Disclaimer: The opinions presented here are all based on my experience and don’t necessarily reflect how Apple operates.

Great design will take you far, great communication will take you even further: influence people and move things forward.

Projects get built when enough people believe in them. From small talks to elaborating decisions to VP presentations. The way we speak, project ourselves, and elaborate our thoughts is fundamental for getting consensus, influencing people, and moving things forward.

My biggest learning was to put passion into my speech. Not only when presenting work, but especially when talking in meetings. Be truly excited about your work and show this excitement to everyone working around you.

Jobs had an amazing ability to make his ideas understandable and memorable because he spoke with passion. People may not remember what you said, but they will remember how you made them feel: confident, interested, optimistic, bored, reluctant, etc.

At the end of the day, we’re not only selling products to customers externally, but also selling our ideas to teams and stakeholders internally, and the key to any successful sale is communication.

Storytelling is your superpower: are we deck designers after all?

One of the things that surprised me the most was to see that for any piece of work being shared, designers would put together a keynote deck for it. It could be the smallest thing, like a quick look at the latest work progression, or big presentations, of course. At Apple, designers use the power of storytelling to influence others, instead of just showing what they are doing.

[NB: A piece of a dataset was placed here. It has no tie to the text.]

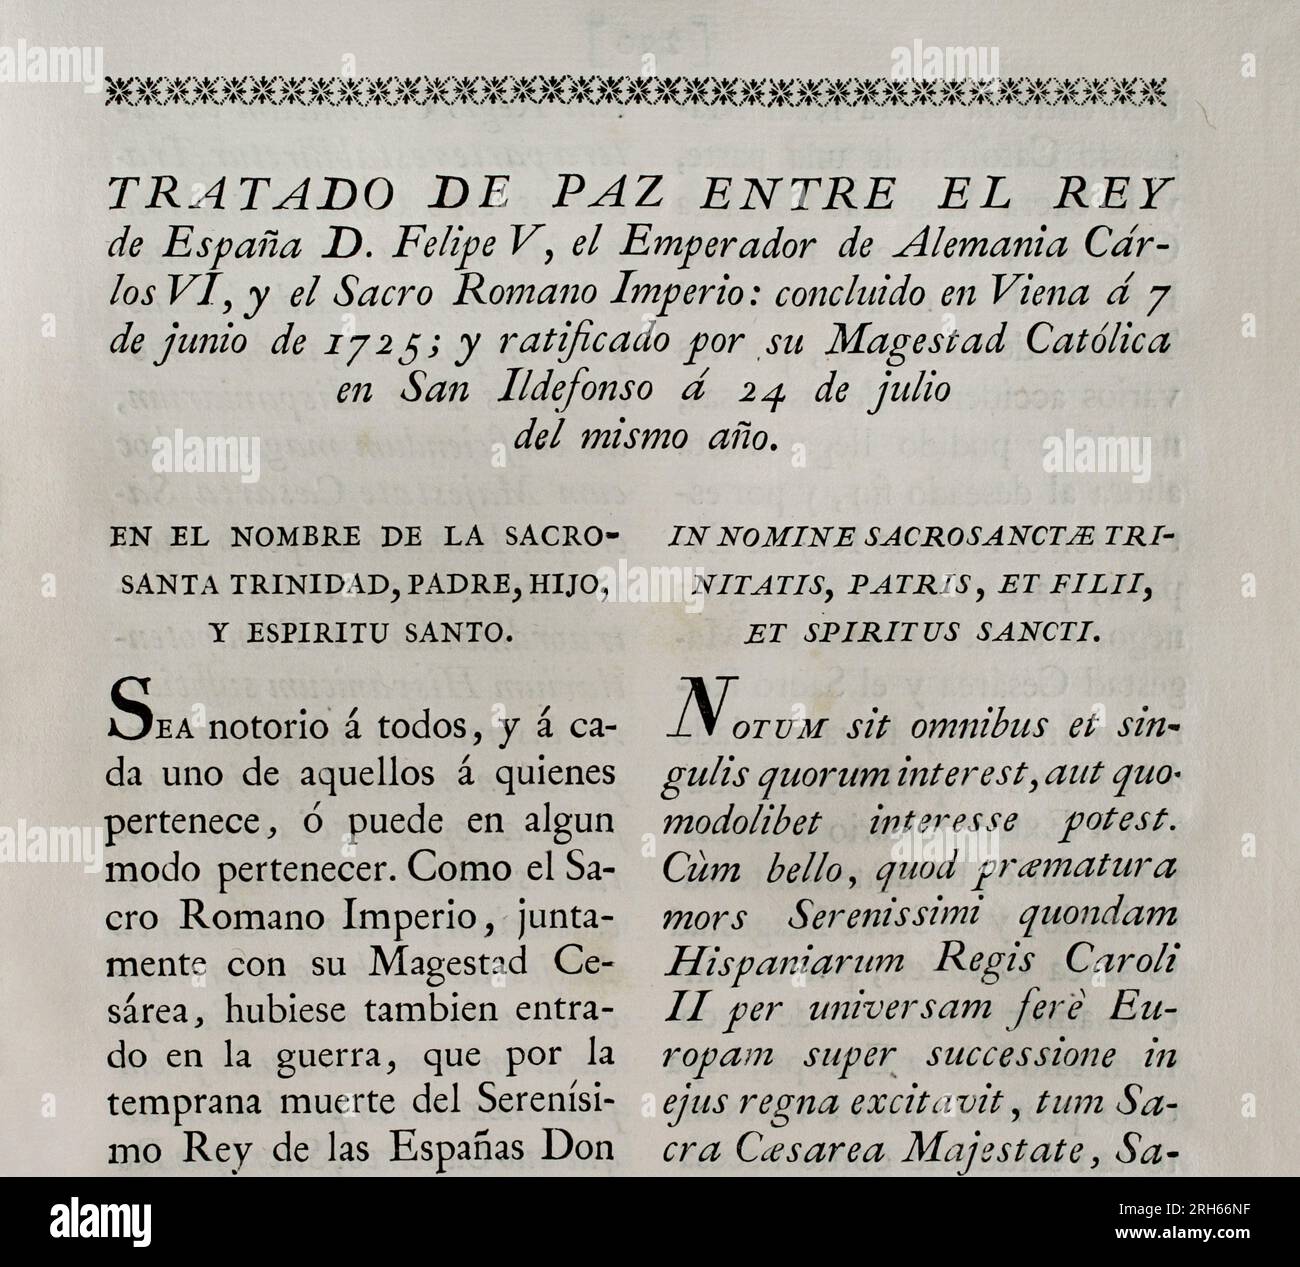 Peace treaty between the King of Spain Philip V and the Holy Roman Emperor Charles VI. Concluded in Vienna on 7 June 1725; ratified by Philip V in San Ildefonso on 24 July of that year. Collection of the Treaties of Peace, Alliance, Commerce adjusted by the Crown of Spain with the Foreign Powers (Coleccion de los Tratados de Paz, Alianza, Comercio ajustados por la Corona de Espana con las Potencias Extranjeras). Volume II. Madrid, 1800. Historical Military Library of Barcelona, Catalonia, Spain. Stock Photo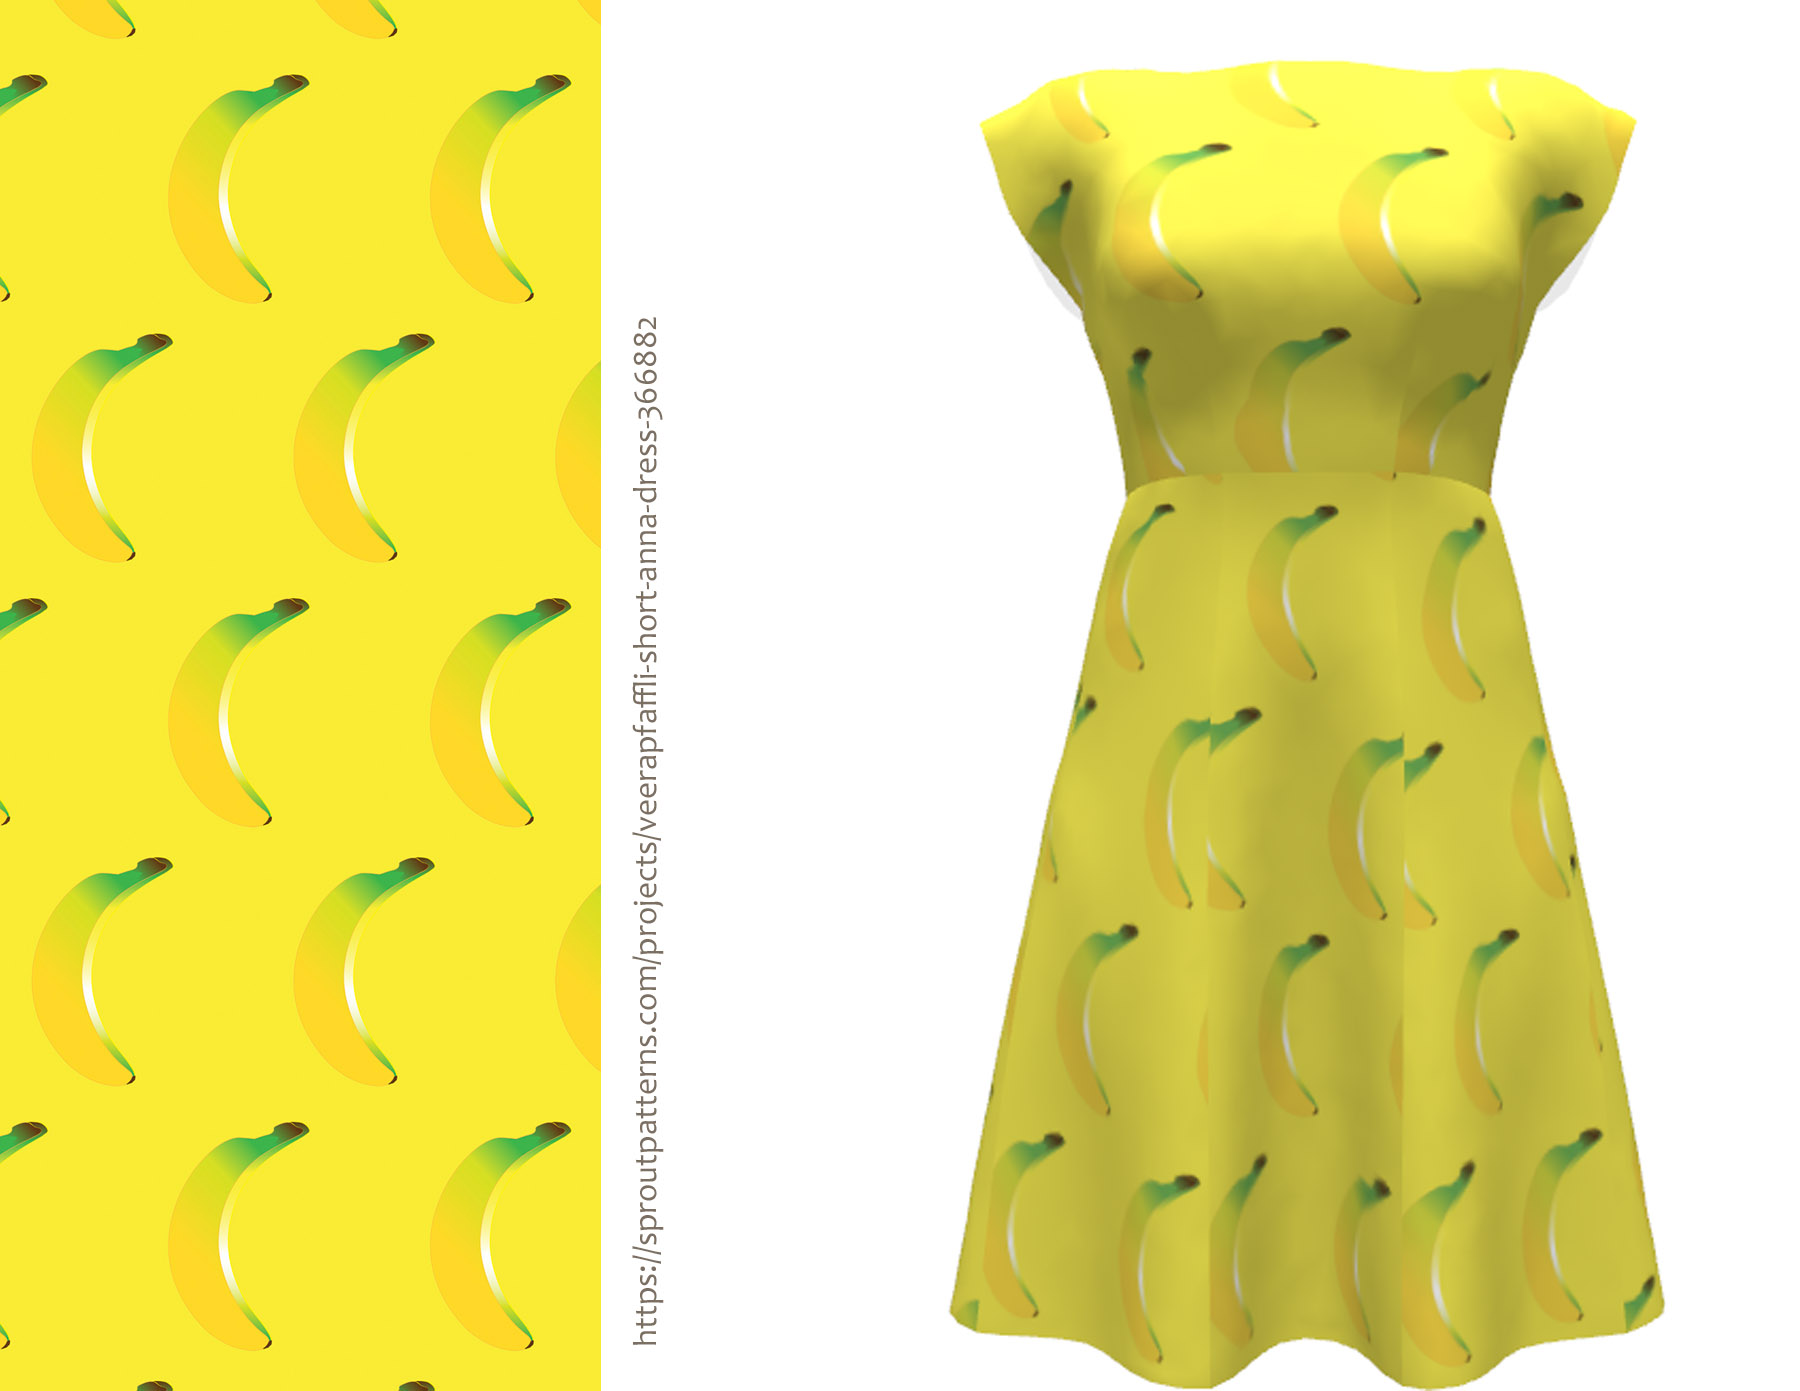 Anna dress on Sprout patterns goes bananas

A few tips I learned when presenting work on decks are:

  • Tell a story instead of explaining the process.
  • Only focus on one idea per slide. Don’t confuse what you’re saying by having busy slides. Use one bold sentence per slide. Instead of paragraphs of text.
  • Use presenter notes as a script for your speech. Let the image/mockups paint the picture of what you’re saying in the background.
  • Rehearse your presentations. Even if it’s just a small design critique for a few designers, take one hour or less before the meeting to go through your narrative and know exactly what you need to say to get straight to the point.
  • Have fun! It goes back to how you want people to feel and how helping people feel optimistic during your presentation will help you gain their trust and move things forward (even if the work needs some iteration).

Big ideas are more important than usability fixes: the art of balancing long-term vs. short-term goals.

One thing I noticed is that most of the product teams won’t spend their bandwidth working on small wins and fixes. Instead, teams are focused on long-term impact and building the next big thing. This might explain why every year we see at WWDC Apple releasing a new great feature that will blow our minds, but that small minor usability issue is still there.

It comes down to the company culture. Apple is known for being an innovative brand, so there’s a natural expectation that the company will be working towards releasing innovative products and experiences and this affects how the company prioritizes its efforts.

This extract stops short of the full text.